JP2623155B2 - Internal abnormality detection device for gas insulated electrical equipment - Google Patents

Description

Description: TECHNICAL FIELD The present invention relates to a device for detecting an internal abnormality of a gas-insulated electric device filled with SF ₆ gas.

[Conventional technology]

Detection of an internal abnormality of the SF ₆ gas insulated electric device is performed by analyzing a hydrolytic decomposition gas from a substance generated by an abnormality such as discharge or overheating. A general method of this analysis is to collect the above-mentioned cracked gas, take it back to the analysis center, and use an analyzer such as a gas chromatograph or a mass analyzer.

[Problems to be solved by the invention]

In this conventional method, not only analysis requires specialized knowledge and skills, but also a problem that a lot of manpower and time are required from gas sampling to obtaining a result. Also
Some of the decomposition index components that are useful for detecting abnormalities in SF ₆ gas-insulated electrical equipment undergo hydrolysis or adsorption after gas sampling and change their concentration.If it takes too long, accurate analysis results can be obtained. May not be possible.

The present invention has been made in order to solve the above-described problem, and provides an internal abnormality detection device for a gas-insulated electric device that can detect an internal abnormality of the gas-insulated electric device at an early stage without requiring any human intervention. With the goal.

[Means for solving the problem]

In order to achieve the above object, the present invention provides a sensor storage chamber into which SF ₆ gas sealed in an equipment tank is introduced through an external pipe, and quantitatively measures a decomposition degree of the SF ₆ gas stored in the sensor storage chamber. One or a plurality of different kinds of possible electrolyte sensors and a recorder to which the output of the electrolyte sensor is input are provided.

[Action]

According to the present invention, the decomposed gas generated due to an internal abnormality in the equipment tank is immediately introduced into the sensor storage chamber and comes into contact with the electrolyte sensor after the generation. The decomposed gas that has come into contact with the sensor becomes ions in the electrolyte portion of the sensor and generates an electrolytic current. Therefore, the presence or absence or level of the current can be read from the recording paper to detect an internal abnormality and its degree.

〔Example〕

Hereinafter, an embodiment of the present invention will be described with reference to the drawings.

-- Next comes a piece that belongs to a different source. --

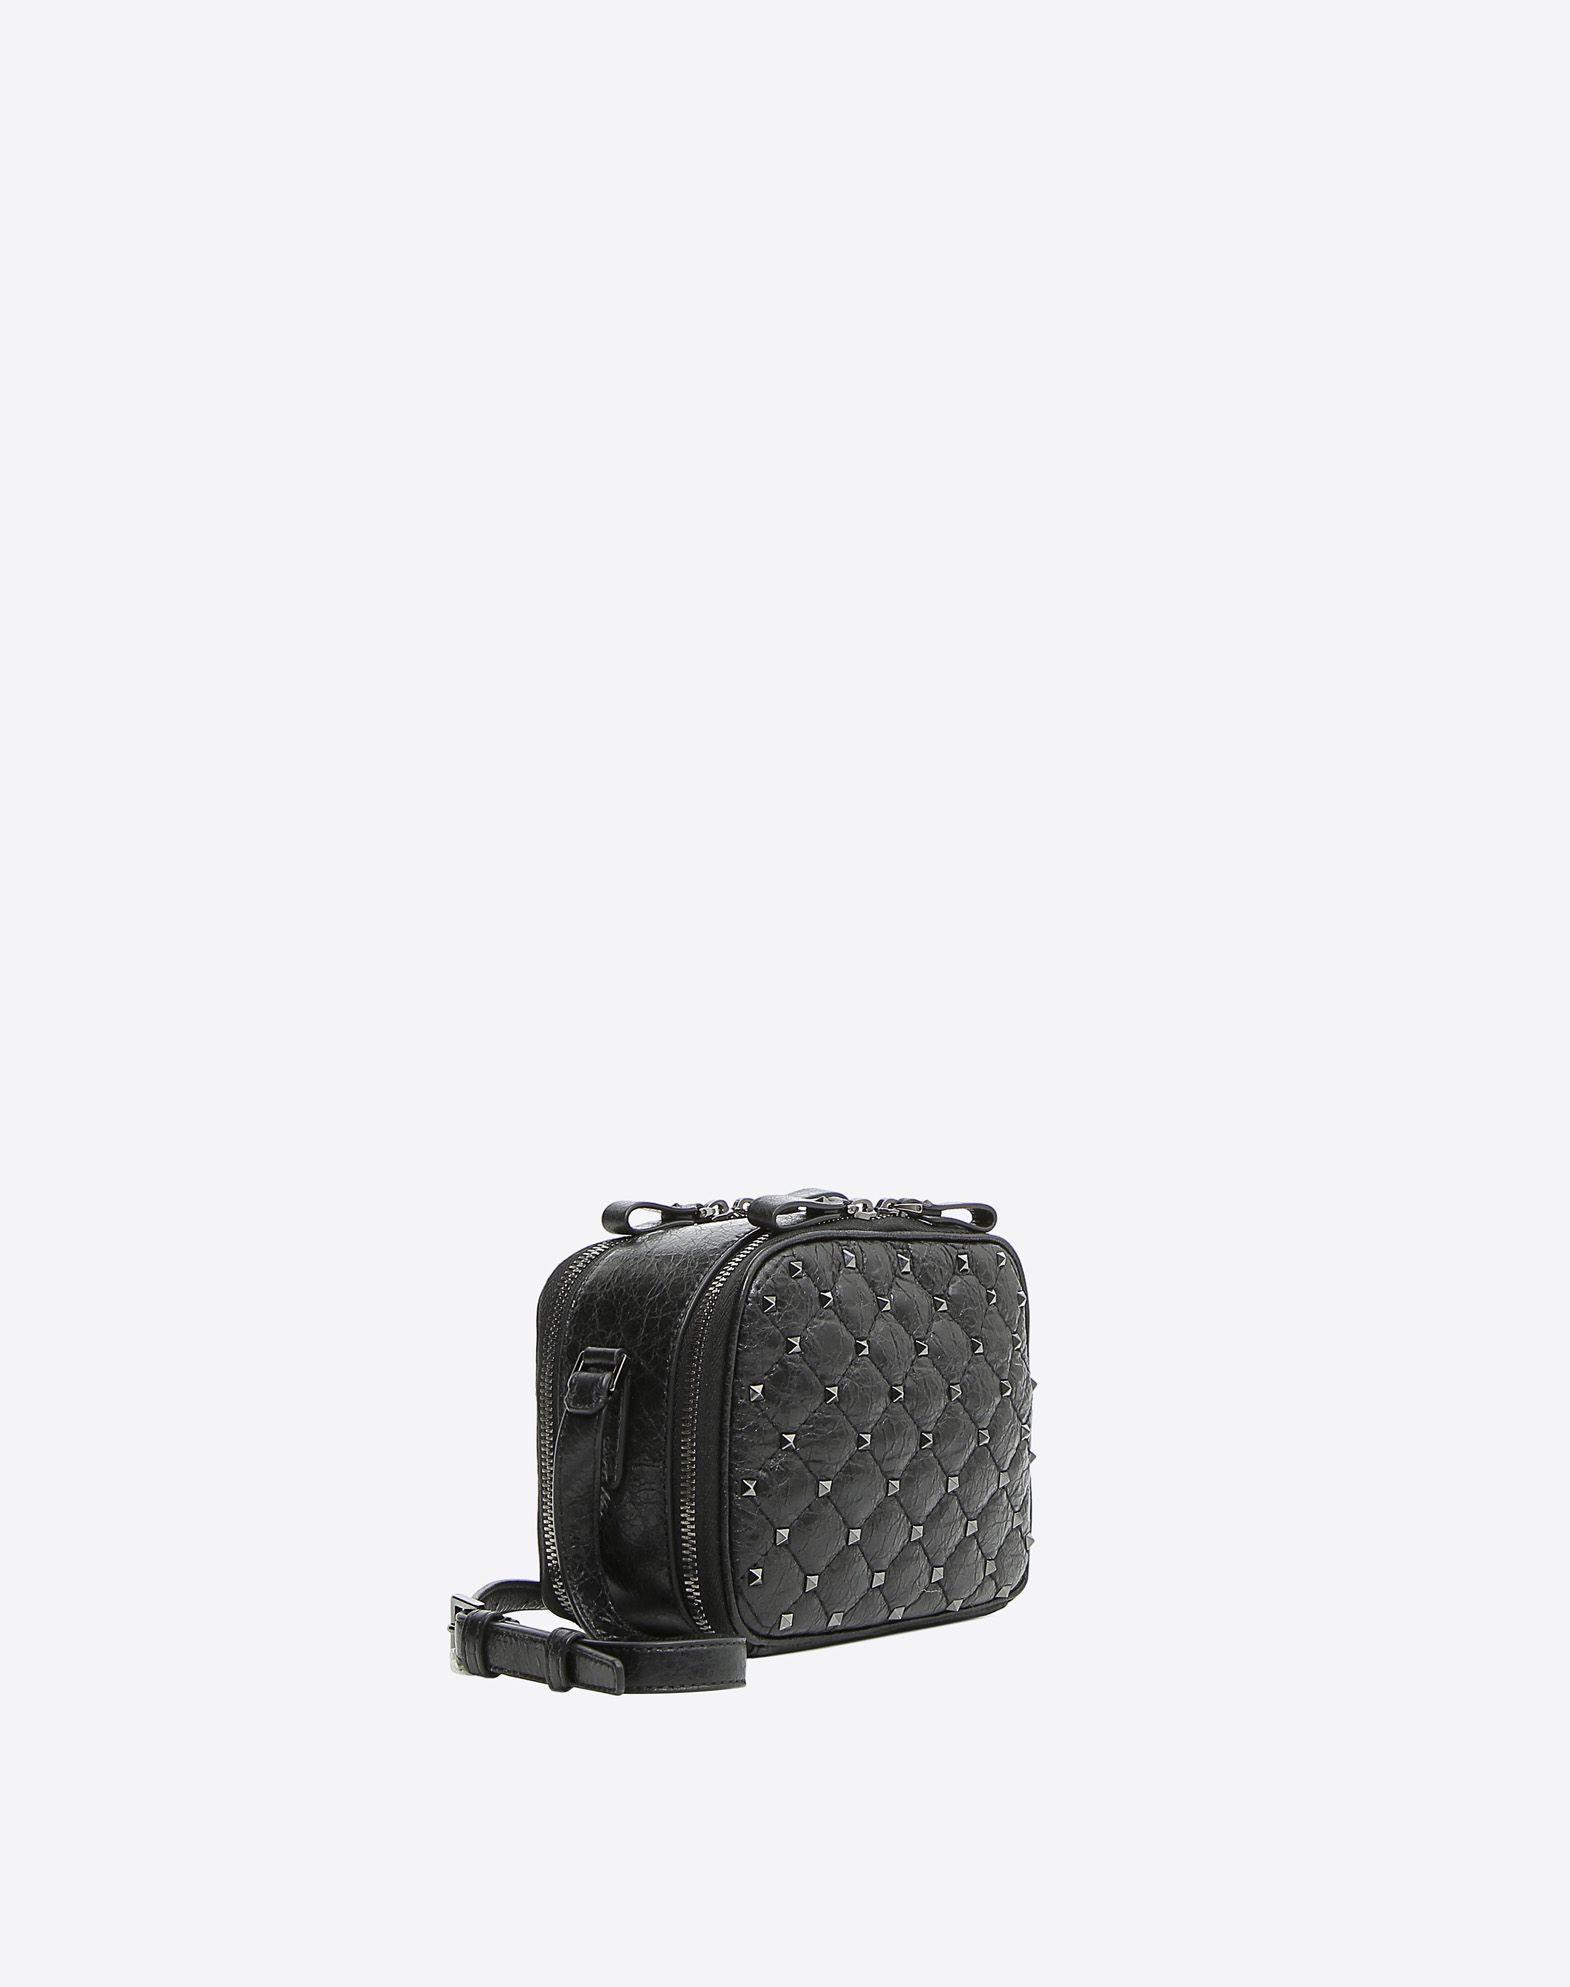 VALENTINO GARAVANI Rockstud Spike 相机包 肩背包 D r

In FIG. 1, 1 is enclosed in a transformer tank 2
SF ₆ gas, 3 is an external pipe for taking out gas from the transformer tank 2 to the sensor storage chamber 5, 4a is a valve provided in the external pipe 3, and 6a to 6b are stored in the sensor storage chamber 5. The electrolyte sensor 7 is a flange lid of the sensor storage chamber 5, has sensor output signal terminals 9 a and 9 b, and hermetically closes the opening of the sensor storage chamber 5 via the packing 8. 10a and 10b are sensor output signal lines of the electrolyte sensors 6a and 6b, respectively, 11 is a recorder, 12 is a gas discharge pipe of the sensor storage chamber 5, and is provided with a valve 4b.

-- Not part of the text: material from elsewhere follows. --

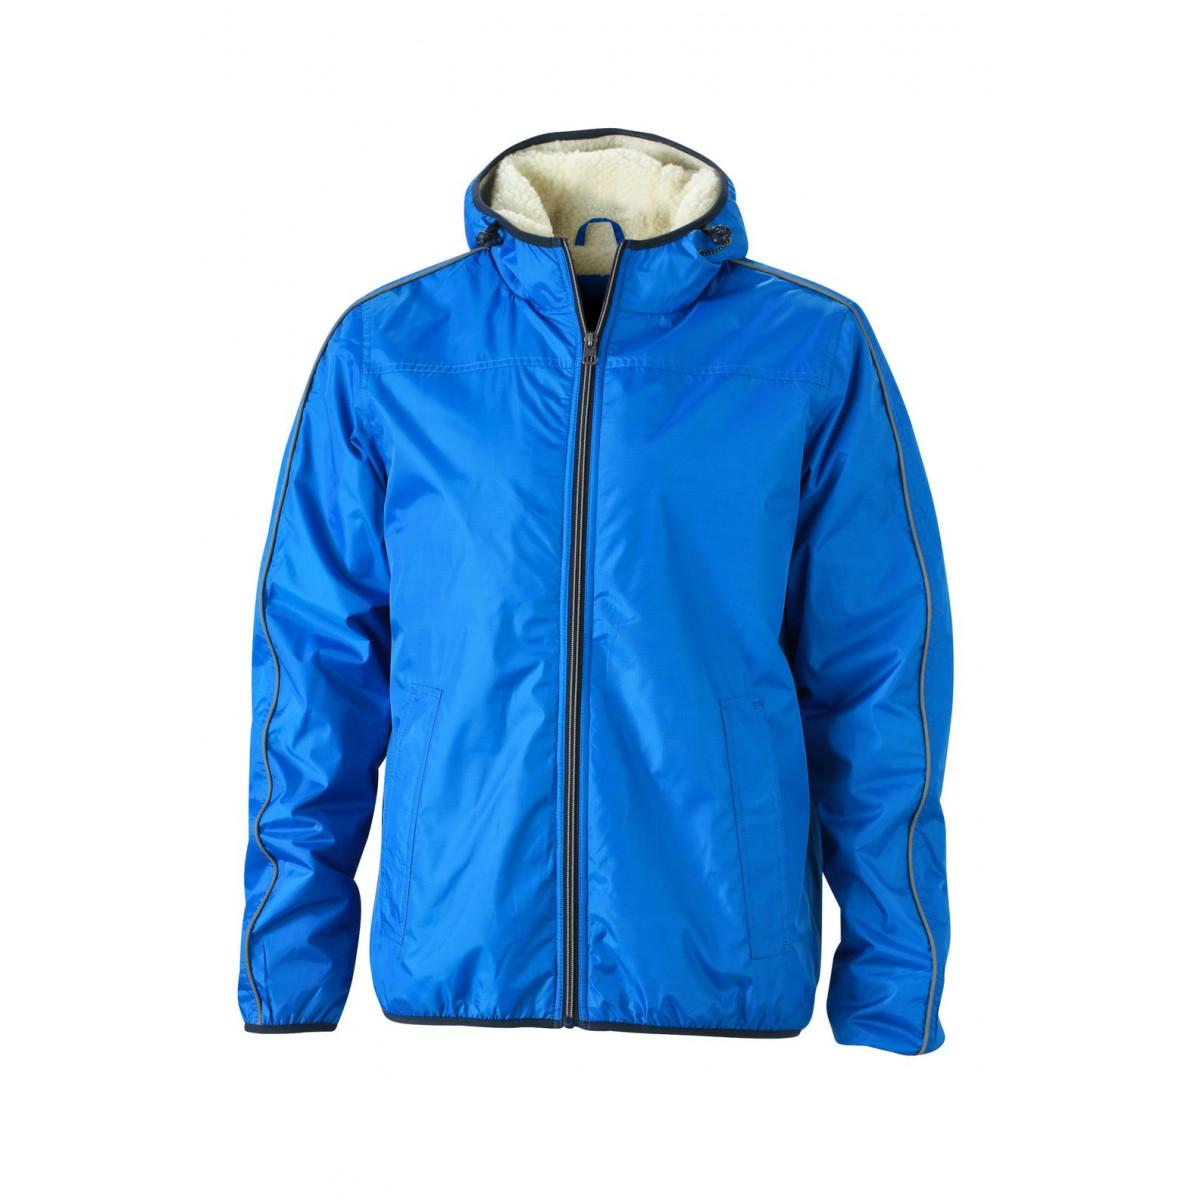 Куртка мужская JN1104 Mens Winter Sports Jacket - Ярко-синий/Белый

In this configuration, when an abnormality such as electric discharge or overheating occurs in the transformer tank 2, the above-described decomposition gas flows into the sensor storage chamber 5 via the external pipe 3 and the valve 4a and diffuses, and the electrolyte gas 6a , 6b. At this time, the hydrolyzable gas is ionized in the electrolyte portions of the sensors 6a and 6b to generate an electrolytic current. This current is sent to the recorder 11 through the sensor output signal lines 10a and 10b.

By the way, when abnormalities such as the discharge and overheating occur, SF ₆
Results in a SF ₄ gas is decomposed. This SF ₄ is considered to be decomposed by ambient moisture as follows.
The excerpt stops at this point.